In the composition of the present invention, one or more other (meth) acrylate compounds [(meth) acrylate compounds other than the components (A) to (C)] are added as the component (G) for imparting strength. May be. (G) Component (meth) acrylate compounds include ethylene glycol di (meth) acrylate, propylene glycol di (meth) acrylate, 1,4-butanediol (meth) acrylate, 1,6-hexanediol di (meth) Acrylate, 1,9-nonanediol di (meth) acrylate, neopentyldiol di (meth) acrylate, polyethylene glycol di (meth) acrylate having a number average molecular weight of less than 400, polypropylene glycol di (meth) acrylate, methoxypolyethylene methacrylate, etc. Alkoxypolyalkylene glycol (meth) acrylate, ethylene oxide modified bisphenol A di (meth) acrylate, propylene oxide modified bisphenol A di (meth) acrylate, epichlorohydride Modified bisphenol A di (meth) acrylate, propylene oxide modified glycerin tri (meth) acrylate, trimethylolpropane tri (meth) acrylate, ditrimethylolpropane tetra (meth) acrylate, dipentaerythritol hexa (meth) acrylate, tris (acrylic) Leuoxyethyl) isocyanurate, methoxypolyethylene glycol (meth) acrylate, and the like.

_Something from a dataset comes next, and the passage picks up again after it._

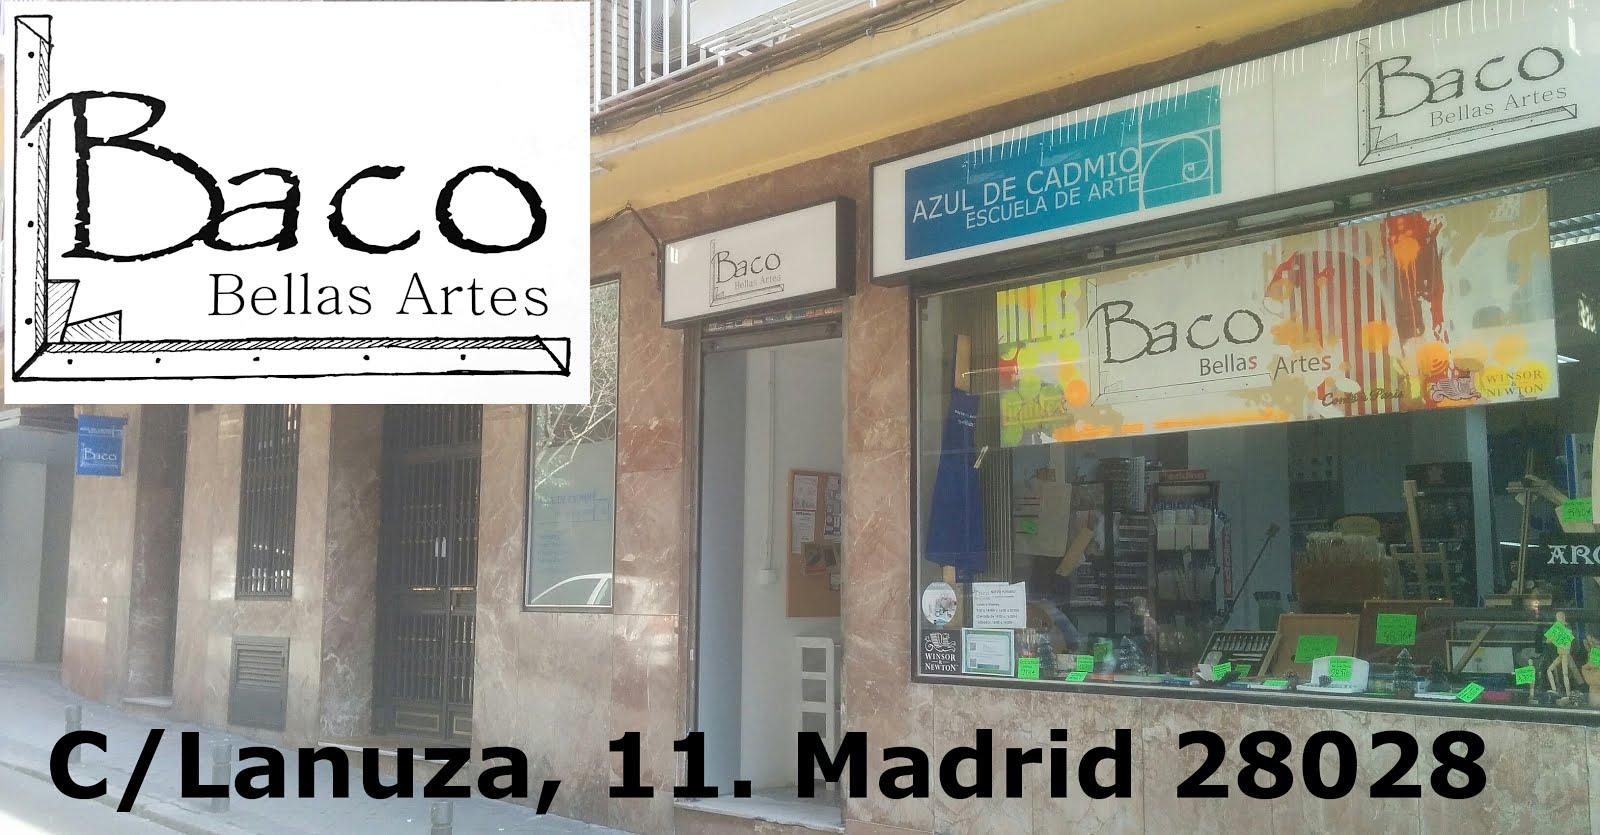 BACO BELLAS ARTES. Tu tienda de Bellas Artes

(G) Component (meth) acrylate compounds may be used alone or in combination of two or more. The content is usually 100 parts by mass or less, preferably 50 parts by mass or less, with respect to 100 parts by mass in total of the component (A), the component (B) and the component (C).

In the composition of the present invention, further known antioxidants, light stabilizers, ultraviolet absorbers, slip agents, plasticizers, antistatic agents, colorants, mold release agents, flame retardants, lubricants, and the like may be used. it can. Examples of the antioxidant include phenolic antioxidants, phosphorus antioxidants, sulfur antioxidants, vitamin antioxidants, lactone antioxidants, amine antioxidants, and the like.

Examples of phenolic antioxidants include Irganox 1010 (Irganox 1010), Irganox 1076 (Irganox 1076), Irganox 1330 (Irganox 1330), Irganox 3114 (Irganox 3114), Irganox 3125 (Irganox 3125), Irganox 3190 (Irganox 3190), Irganox 3190 (Trademark), BHT, Cyanox 1790 (Cyanox 1790, Cyanamid Co., Ltd.), and commercializers such as Sumilizer GA-80 (Sumitizer GA-80, Sumitomo Chemical Co., Ltd.).

Examples of phosphorus antioxidants include Irgafos 168 (Irgafos 168), Irgafos 12 (Irgafos 12), Irgafos 38 (trade name, BASF Japan Ltd.), Adekastab 329K (ADKSTAB329K), Adekastab PEP36 (ADPSTAB) PEP-8 (ADKSTAB PEP-8) (above, ADEKA Corporation, trademark), Sardstab P-EPQ (Clariant, trademark), Weston 618 (Weston 618), Weston 619G (Weston 619G), Weston-624 Examples include commercial products such as (Weston-624) (general electric company, trademark).

Examples of the sulfur-based antioxidant include DSTP (Yoshitomi), DLTP (Yoshitomi), DLTOIB, DMTP (Yoshitomi) (above, API Corporation, trademark), Seenox 412S (Sipro Kasei Corporation, trademark), Cyanox 1212. (Commercially available from Cyanamid Co., Ltd.) and commercializers such as Sumilizer TP-D (Sumilizer TP-D, Sumitomo Chemical Co., Ltd.).

Examples of vitamin antioxidants include tocopherol, Irganox E201 (Irganox E201, BASF Japan Ltd., trademark, compound name; 2,5,7,8-tetramethyl-2 (4 ′, 8 ′, 12′-trimethyltridecyl) ) Coumarone-6-ol) and other commercial products.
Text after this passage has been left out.